For good hash functions, an attacker cannot find two messages that produce the same hash.
But why? What I understand is that you can put the long Macbeth story into the hash function and get a X long hash out of it. Then you can put in the Beowulf story to get another hash out of it again X long.
So since this function maps loads of things into a shorter length, there is bound to be overlaps, like I might put in the story of the Hobit into the hash function and get the same output as Beowulf, ok, but this is inevitable right (?) since we are producing a shorter length output from our input? And even if the output is found, why is it a problem?
I can imagine if I invert it and get out Hobit instead of Beowulf, that would be bad but why is it useful to the attacker?
Best,
Yes, it’s inevitable that there will be collisions when mapping a long message onto a shorter hash, as the hash cannot contain all possible values of the message. For the same reason you cannot ‘invert’ the hash to uniquely produce either Beowulf or The Hobbit – but if you generated every possible text and filtered out the ones that had your particular hash value, you’d find both texts (amongst billions of others).
The article is saying that it should be hard for an attacker to find or construct a second message that has the same hash value as a first. Cryptographic hash functions are often used as proof that a message hasn’t been tampered with – if even a single bit of data flips then the hash value should be completely different.

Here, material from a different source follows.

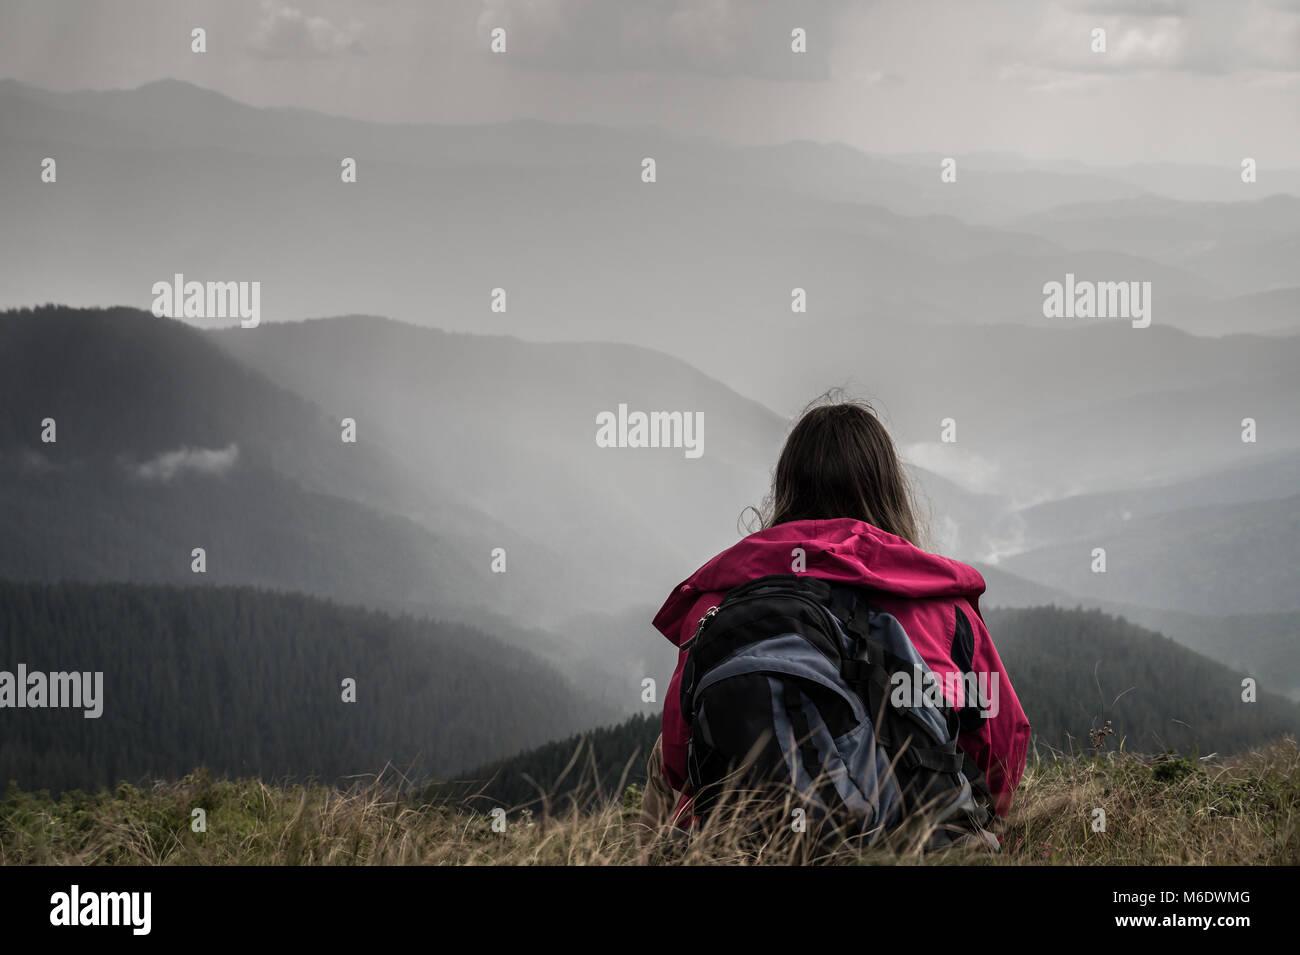 Mujer joven excursionista con mochila se sienta en el césped en la cima de la colina en los Cárpatos ucranianos Imagen De Stock

A couple of years back, Dutch researchers demonstrated weaknesses in MD5 by publishing a hash of their “prediction” for the US presidential election. Of course, they had no way of knowing the outcome in advance – but with the computational power of a PS3 they constructed a PDF file for each candidate, each with the same hash value. The implications for MD5 – already on its way down – as a trusted algorithm for digital signatures became even more dire…